The sad truth was that most of the world's interest had already strayed from Afghanistan. The U.S.-led war against terrorism had shifted into a quieter phase. Few people were aware that 80 percent of Afghanistan's residents suffer from malaria, and 70 percent are malnourished. Nor did anyone seem to care that only 13 percent have access to clean water. Even as I looked into the bright faces of the children, I remembered that one in every four would not make it to their fifth birthday.

To our surprise, a local midwife asked if my Japanese companion could help. A woman was in hard labor with twins. The first had been successfully delivered, she said, but the second was lodged in a transverse position. Tomoko and I followed the woman to a mud house where the young mother lay on the floor surrounded by other women, children, and flies. Since our male translator was forbidden to accompany us, Tomoko did her best to assess the situation. The baby was most likely dead, she guessed. The mother needed surgery. But the closest hospital was a day's travel away, on appalling roads. Volunteers carried the woman to a borrowed vehicle, and we watched it drive off. Could she—or her baby—be saved? We would never know.

A place to wear a cross
CADA had first set up operations in northeastern Afghanistan in October 2001. It was the lone relief organization in an area covering 85,000 people. Workers who went to survey the villages that winter found people starving, shoveling the snow off their roofs to get the beams out so they could sell them as lumber. Everything else had already been sold to buy food.

The tons of wheat, flour and oil, clothing, shoes, and blankets trucked over the border literally made a life-or-death difference. Now, visiting CADA's warehouse, I saw men patiently waiting for their family's ration of wheat. Some had ridden donkeys from villages many hours away. Others would walk home, carrying the sack on their backs.

A translator helped me to talk to some of the widows who earned money at home by sewing and stuffing quilts for CADA's distribution. They admitted that times had been hard. Some had survived only by eating boiled grass or boiled flour with salt.

I couldn't help noticing that Ben, one of the foreign workers, boldly wore a cross over his Afghan tunic. When I questioned him, he smiled. "Afghanistan is a great place to wear a cross," he said. "It's given me all kinds of opportunities to answer people's questions about my faith. People want to talk—and they love to listen to us. And praying is natural in their culture."

He told me of a man he had met in Kabul who believed that the hardship the people suffered was a punishment from God. Ben had refuted that: "It's not from God. It's the Evil One, trying to destroy you." The man thought about this. "If that's true," he said, "there is hope for the future. We can turn to God."

Back to the future
My week in Afghanistan was over. Once more we made our way to the river. Safely reaching the other side, we whipped off our oppressive chadors.
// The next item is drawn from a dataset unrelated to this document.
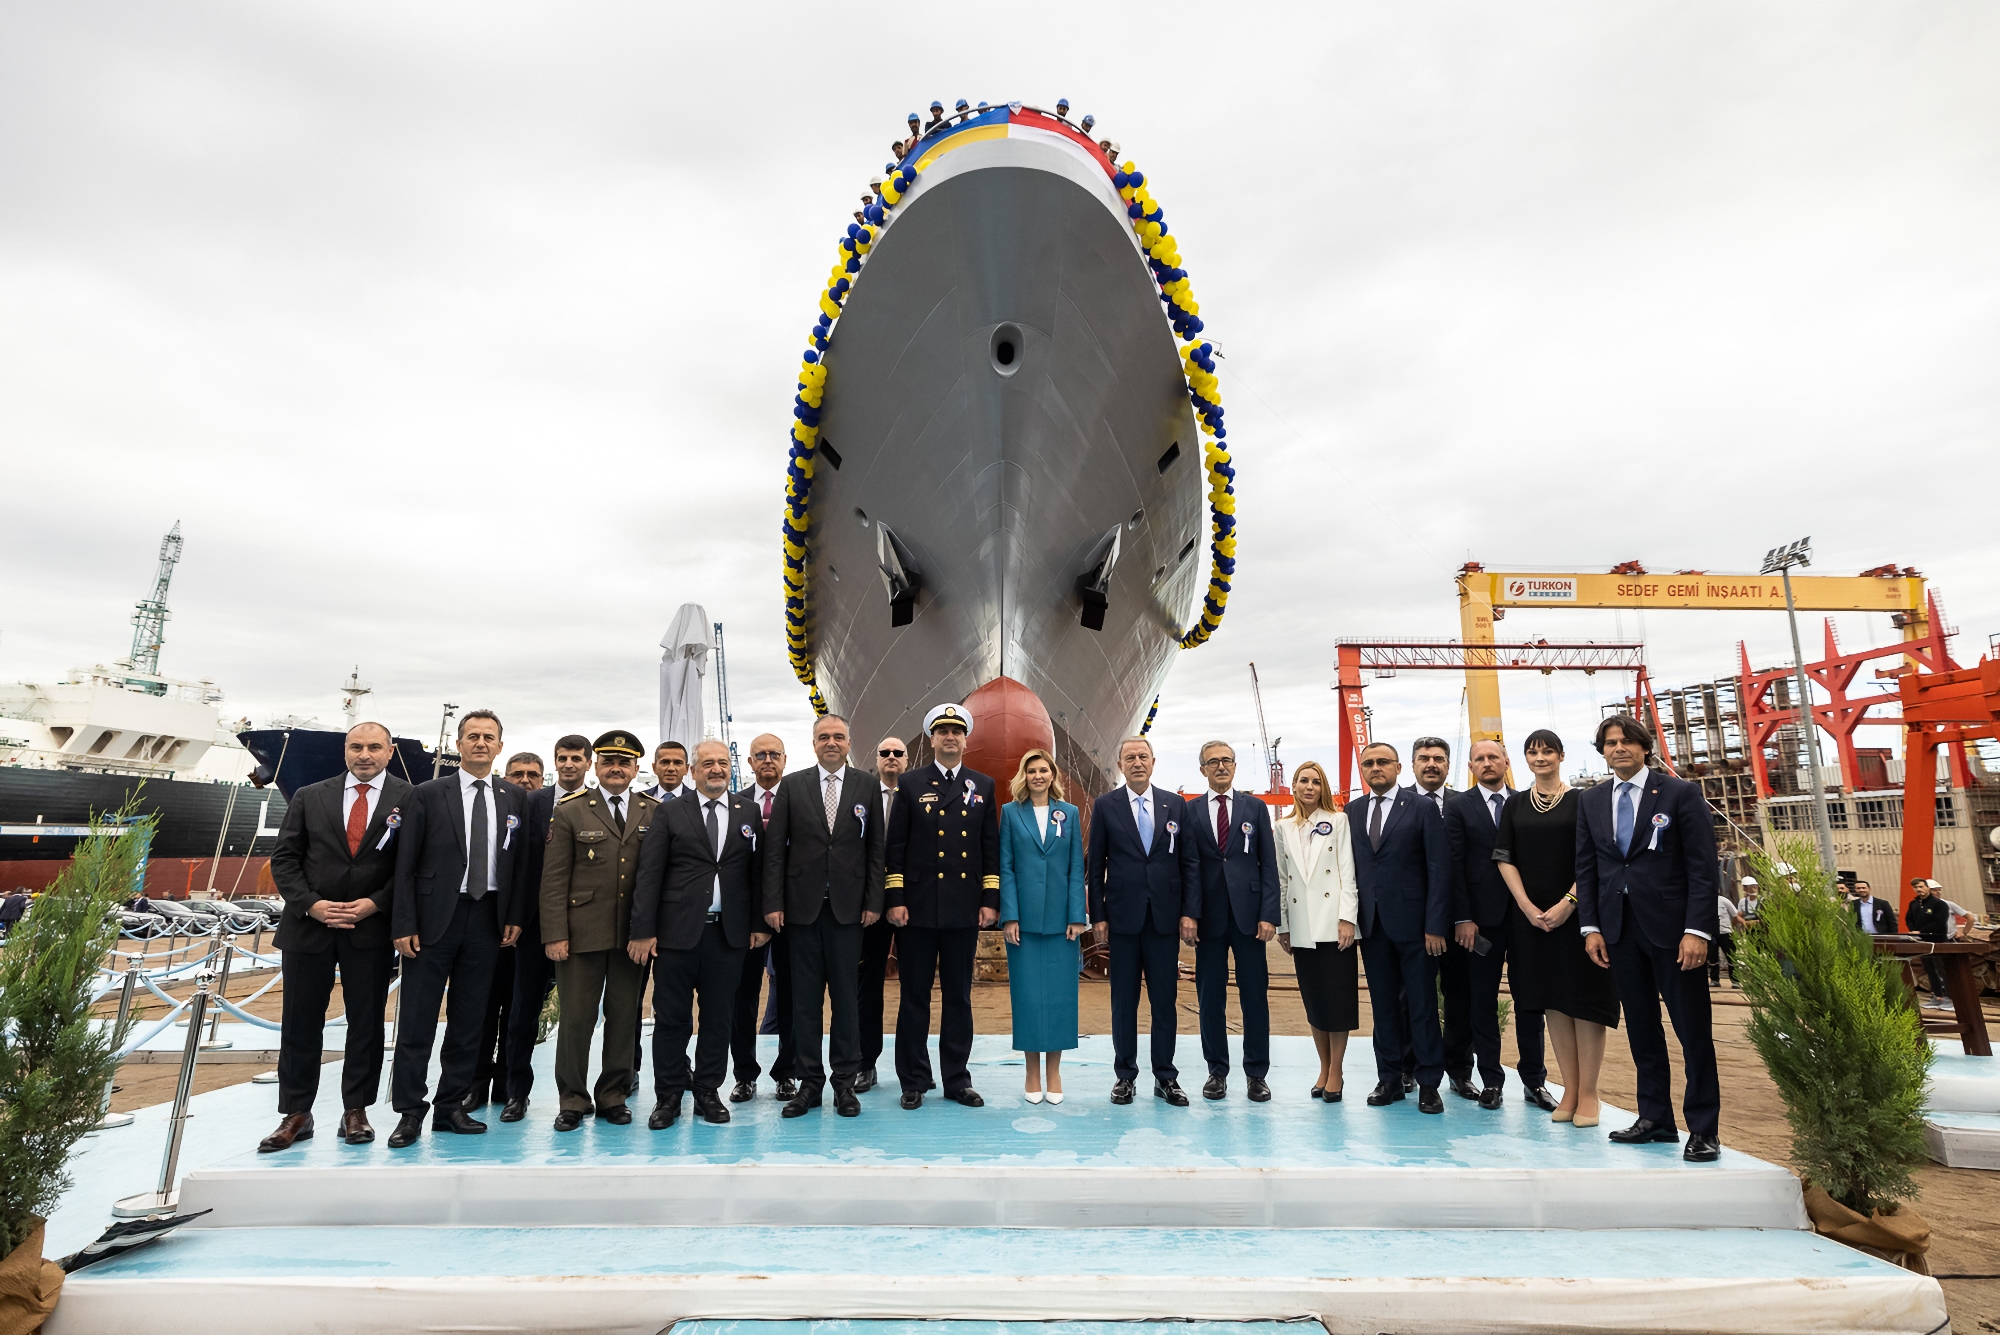 Elena Zelenska ließ in der Türkei das Flaggschiff der ukrainischen Marine, die Korvette "Hetman Ivan Mazepa" der Ada-Klasse, zu Wasser

We had time-traveled 2,000 years and back within a single week. Would the Afghan people ever have their chance to move into the 21st century? The Taliban was gone, and there was new hope slowly emerging within the people. A million and a half had died during the years of war with Russia. Five million had fled the country as refugees. But now they were starting to return. And among them were a few who trusted Christ. The rains had come. At long last, there were streams for Afghanistan's desert.

A Christian Reader original article. Deborah Meroff is a London-based photojournalist.